Нет, быть человеком я никогда не хотел. Даже представить такого себе не мог.
Но я полюбил его. Кажущегося равнодушным к существам и веществам – вернее, смотрящего куда-то сквозь и мимо нас всех. Самки у него не задерживались. Сменялись и не задерживались – даже эта, последняя, уехала, ушла, улетела. К нему вообще довольно редко заходили гости – по крайней мере, так было в то время, когда я уже возник. Каким он был раньше, я не знаю. При мне он был молчалив, неопрятен и постоянно дымил. Слишком высоко запрокидывал голову, когда шел по улице. Казалось, он не хотел встречаться взглядами с представителями своего вида.
Я думаю, он не хотел встречаться взглядами ни с кем – но он рассматривал всех украдкой. Думаю, так же он и любил.
Все началось случайно. Однажды мы отдыхали, ожидая благоприятного ветра, на карнизе четвертого этажа. И я заглянул внутрь комнаты, из которой шел свет.
Я увидел высокого и довольно худого человеческого самца, в задумчивости сыплющего пеплом на помятые листы бумаги, испещренные мелким почерком, зачирканные, зачириканные. Профиль у него был гордый, грачиный такой, черно-дроздовый, и казалось, и за спиной у него черные крылья. Или черные подрагивающие ветки.

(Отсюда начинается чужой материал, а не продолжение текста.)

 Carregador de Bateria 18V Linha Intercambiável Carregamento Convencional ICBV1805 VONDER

Мне захотелось разобрать почерк, и я прижался левым глазом к стеклу. Распознавать почерки людей и переводить их на язык обще-живого понимания я научился, когда еще жил под крышей школы. Мысленно разворачивать лист – в конце концов, это вопрос зрительной тренировки. Чернила, еще не успевшие высохнуть, блестели в свете настольной лампы, и я прочел:
стада поэтов
бродили по изначальной равнине
плоской
обхватывали цветы
замшевыми губами…
Пораженный, я тут же поднялся и улетел.
Я не понял, это было о людях или, скажем, оленях. Но я понял сразу: с этим человеком происходит что-то настолько важное и стремительное, что он не успевает ставить запятые, точки или что там обычно бывает у них. Люди часто так много и так бессвязно гулят, что знаки препинания на письме требуются им для обозначения хотя бы какой-то связи между словами. Но этот человек, как я заметил потом, вообще говорил очень мало. И ему было плевать на внешние связи, потому что он преследовал НЕЧТО. Или, как будто подцепленный им, волочился за ним по земле. Я взлетел и думал о нем.

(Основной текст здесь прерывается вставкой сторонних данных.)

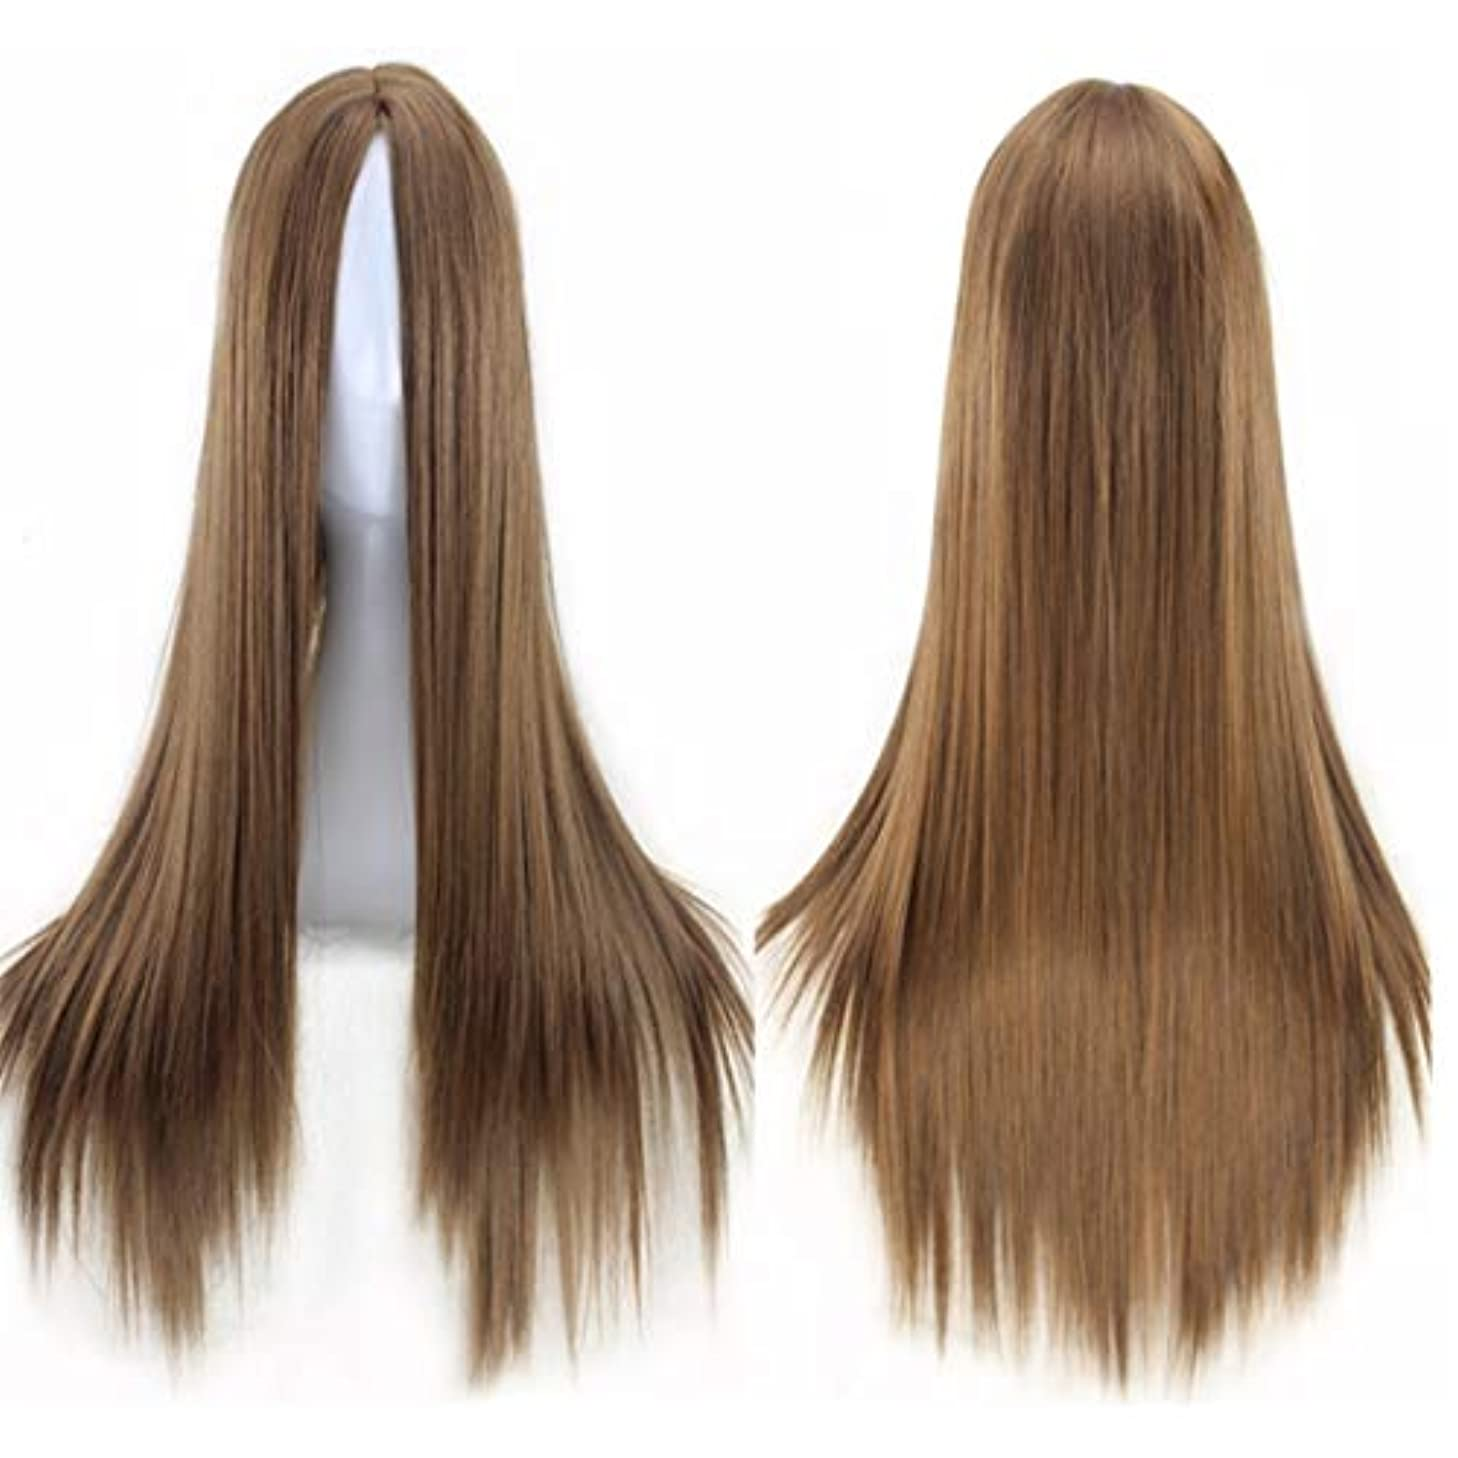 発見強調発見Kerwinner ミドルの前髪のかつら耐熱ウィッグ65 cmのロングストレートウィッグの人々のためのパーティーパフォーマンスカラーウィッグ(マルチカラー) (Color : Light brown)

Я двигался по инерции, не обращая внимания на восходящие и нисходящие потоки воздуха.
Как я жалел потом, что не узнал все, что было записано на том листке, но больше он не оказывался ни передо мной, ни перед ним. Грачиный кружил над другими листками. Этот случай и эта невозможность заставили меня задуматься об идее времени. Они научили меня пренебрегать опасностью ради такого понимания, которое, возможно, дается вовсе не для выживания особи или вида.

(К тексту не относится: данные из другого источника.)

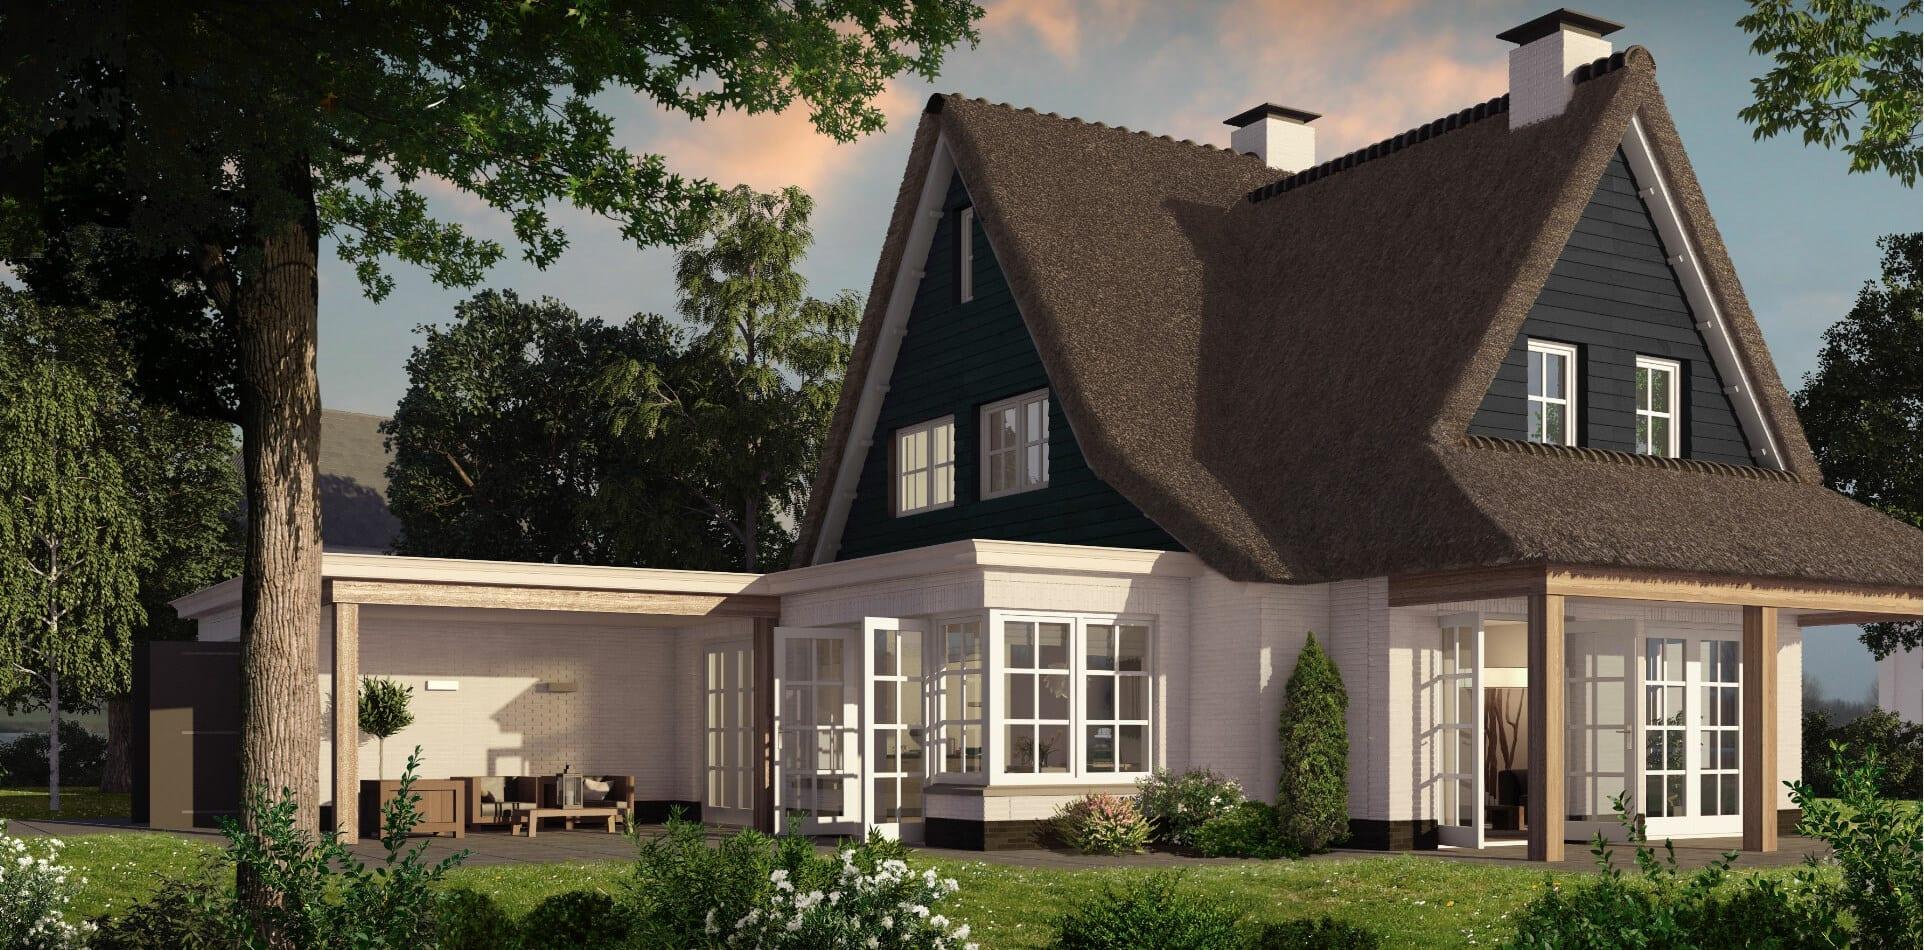 Luxe villa met rieten dak

Это был абсурдный принцип, выпавший из реальности того человека – ко мне.
Он волновал меня. Я чувствовал что-то непостижимое в том, как я связан с ним – с этим молчаливым, худым и гордым.
И вот теперь эти люди в сером забрали его. Моего человека-грача, человека-дрозда. Того, кто никогда не гнал меня, когда я садился на раму его раскрытого окна. Кто выходил из дома с карманами, набитыми хлебом, чтобы подкармливать наших в голодные зимние дни. Кто однажды, когда я смотрел на него через стекло, нарисовал на ладони голубиное перо, поднял ее, развернул ко мне и улыбнулся. Этот замкнутый человек не понимал моего языка, но он пытался разговаривать со мной. Его вывели со связанными руками, с черной повязкой слепого, странно перечеркнувшей бледное до зелени лицо. Я летел за машиной до самой стены и, переводя дух на крыше желтоватого здания с безвкусными белыми колоннами, проследил, как его ввели в будку пропускного пункта, ведущего во двор жутковатой башни, изъеденной язвами выщерблин, кое-где затянутых выступившим голубоватым мхом. Карнизов не было; узкие, как бойницы, окна были забраны решетками и начинались высоко. Снизу была глухая стена.
Грубая тяжесть горечи накрыла меня, когда я вернулся в наш растерянный двор. Все было обессилено, обессмыслено. Окна молчали. Я подлетел ближе и, к счастью, заметил, что маленькая форточка на кухне оказалась приоткрыта. Я сумел втиснуться и, потоптавшись на краешке рамы, сумел отодвинуть створку и расширить щель.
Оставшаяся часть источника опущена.